Viele Jugendliche sind unterwegs, bei einigen geht es hoch her. Auf Ansprache zeigen sich drei junge Leute, zwischen 19 und 21 Jahre alt, offen und auskunftsfreudig. Ob sie erklären können, weshalb viele Leute auf dem Pferdemarkt Angst haben? Sie lächeln wissend: „Ja klar. Überall Migranten hier.“ Ob das ein Angstgrund sei? „Na ja, viele alte Damen finden das wohl nicht toll“, sagt einer. Viele Jugendliche seien auch wirklich laut und zeigten kein gutes Benehmen. Sein Kumpel erklärt: „Wo du dich zu Hause fühlst, benimmst du dich nicht daneben. Wer sich nicht zu Hause fühlt, dem ist es egal.“ Alle drei haben familiäre Wurzeln außerhalb von Deutschland, in der Türkei, in Pakistan. Alle drei sprechen perfekt Deutsch und sind hier aufgewachsen. Stader Jungs.
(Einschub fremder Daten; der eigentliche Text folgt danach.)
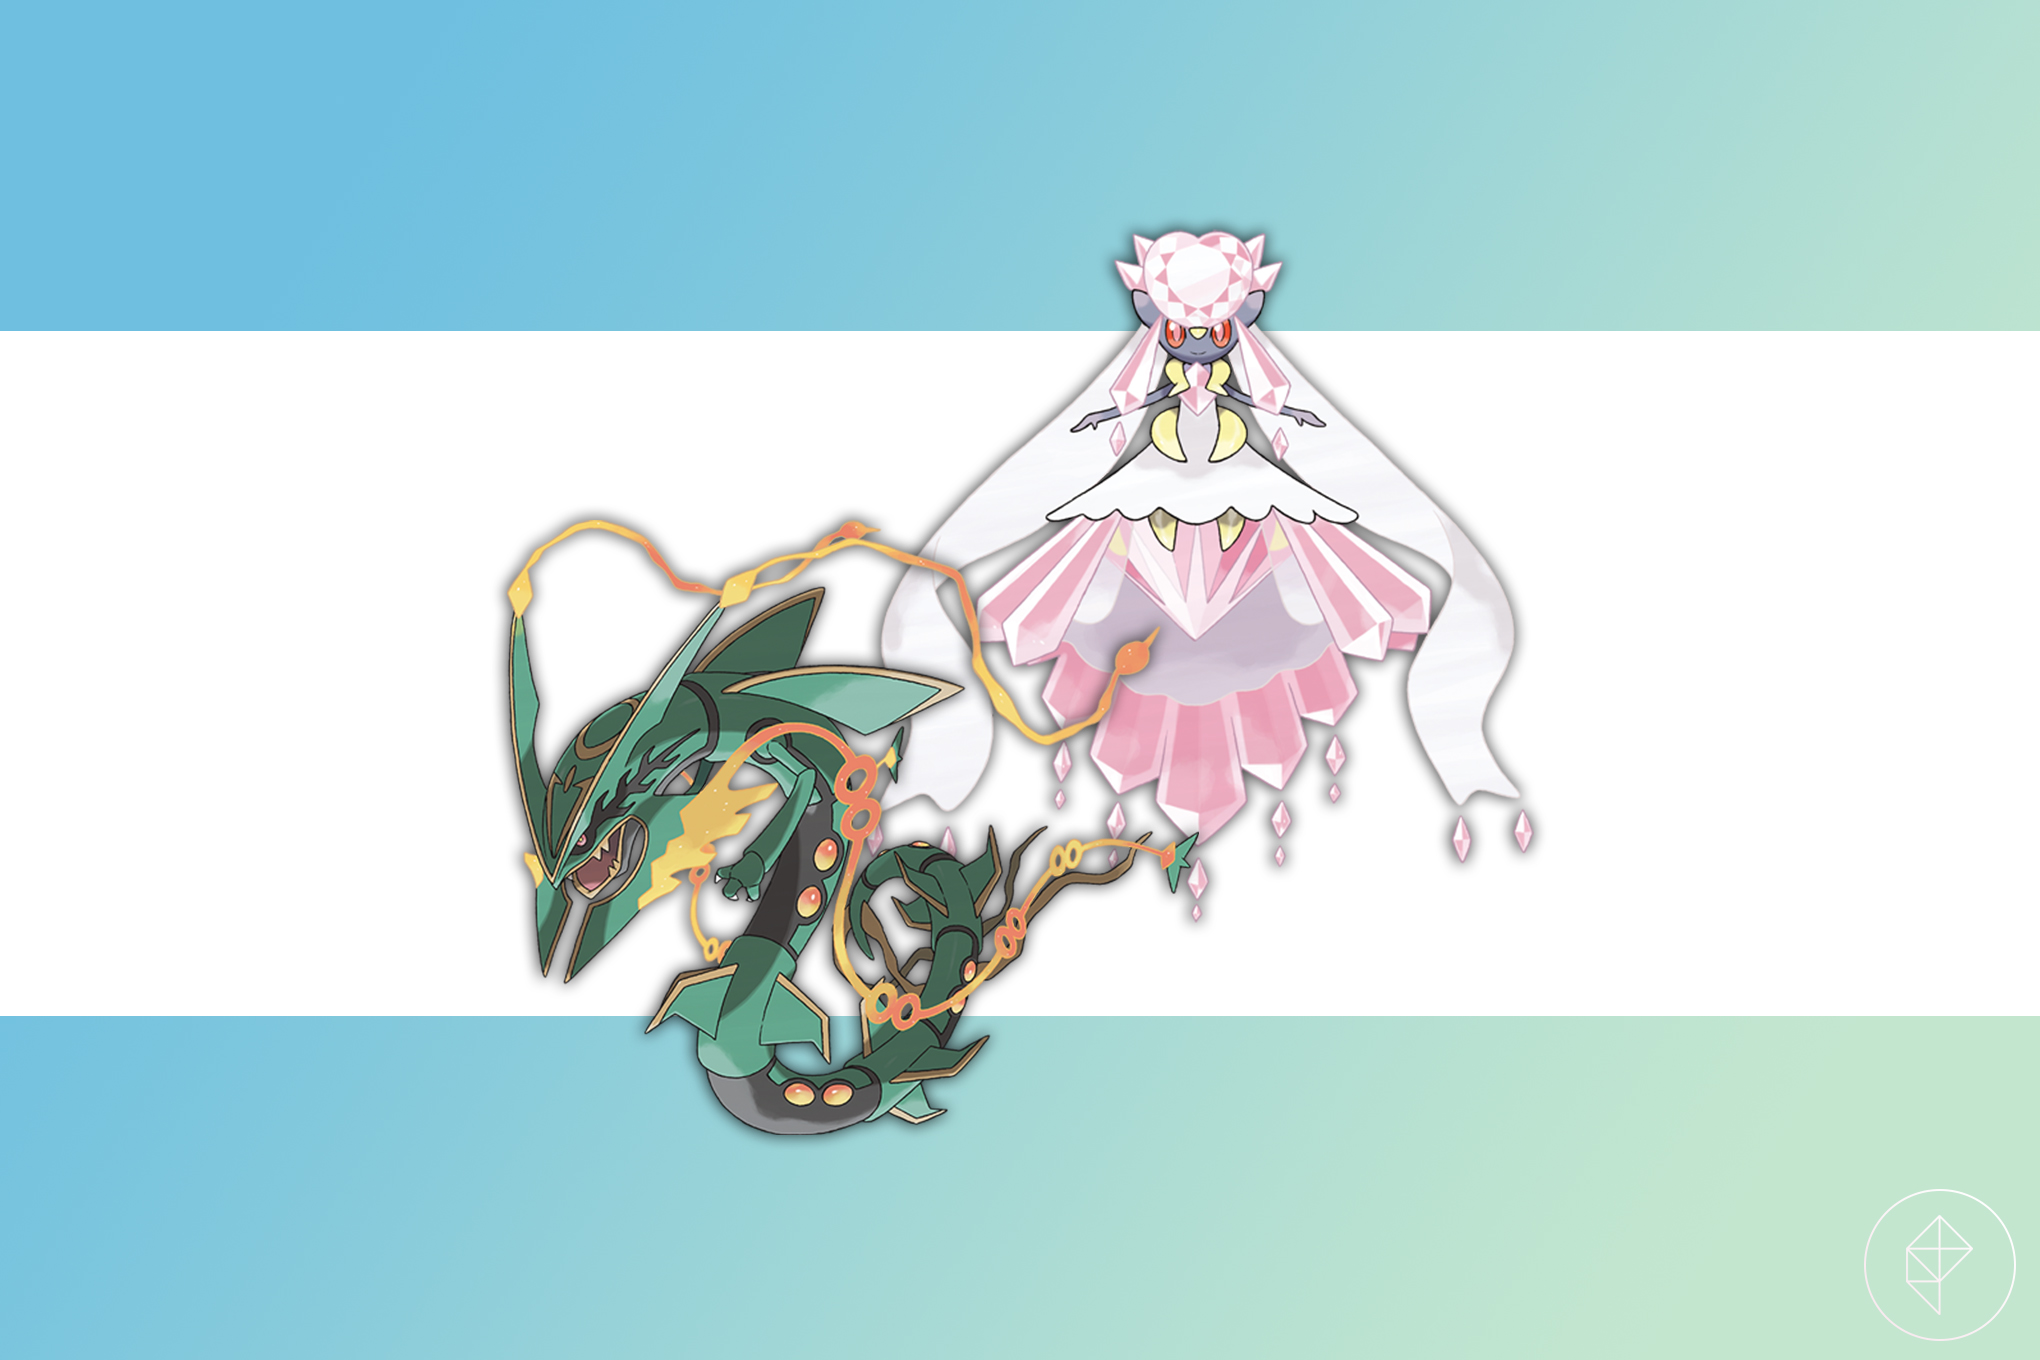 Mega Rayquaza and Diancie on a green and blue gradient background

Die Polizisten Rainer Bohmbach und Silke Tonn bei einem Streifzug am Stader Pferdemarkt. Foto: Anping Richter
Um 18 Uhr kommt die Polizei: Die 45-jährige Polizeihauptkommissarin Silke Tonn ist seit Januar 2023 Kontaktbeamtin für die Innenstadt, Wiepenkathen, Haddorf und Hahle. Normalerweise ist sie allein unterwegs und hat Funkgerät und Telefon dabei, um bei Bedarf Verstärkung zu holen. Heute ist Polizeipressesprecher Rainer Bohmbach dabei. Sie haben sich zu einem Rundgang bereiterklärt. Stade sei nicht Bullerbü, aber im Vergleich zu Großstädten wie Hamburg sehr ruhig, sagt Bohmbach. Und die Beschwerden über pöbelnde Gruppen, grölende Trinker, Fahrraddiebstähle? Die beiden zählen gegen 18 Uhr etwa 30 junge Leute, die sich in Gruppen auf dem Pferdemarkt aufhalten. Aber Jugendliche sind schon immer gern dort, wo etwas los ist, sagt Bohmbach: „Sie pöbeln sich an, sie werden laut.“ Ein Problem, ja - aber kein neues.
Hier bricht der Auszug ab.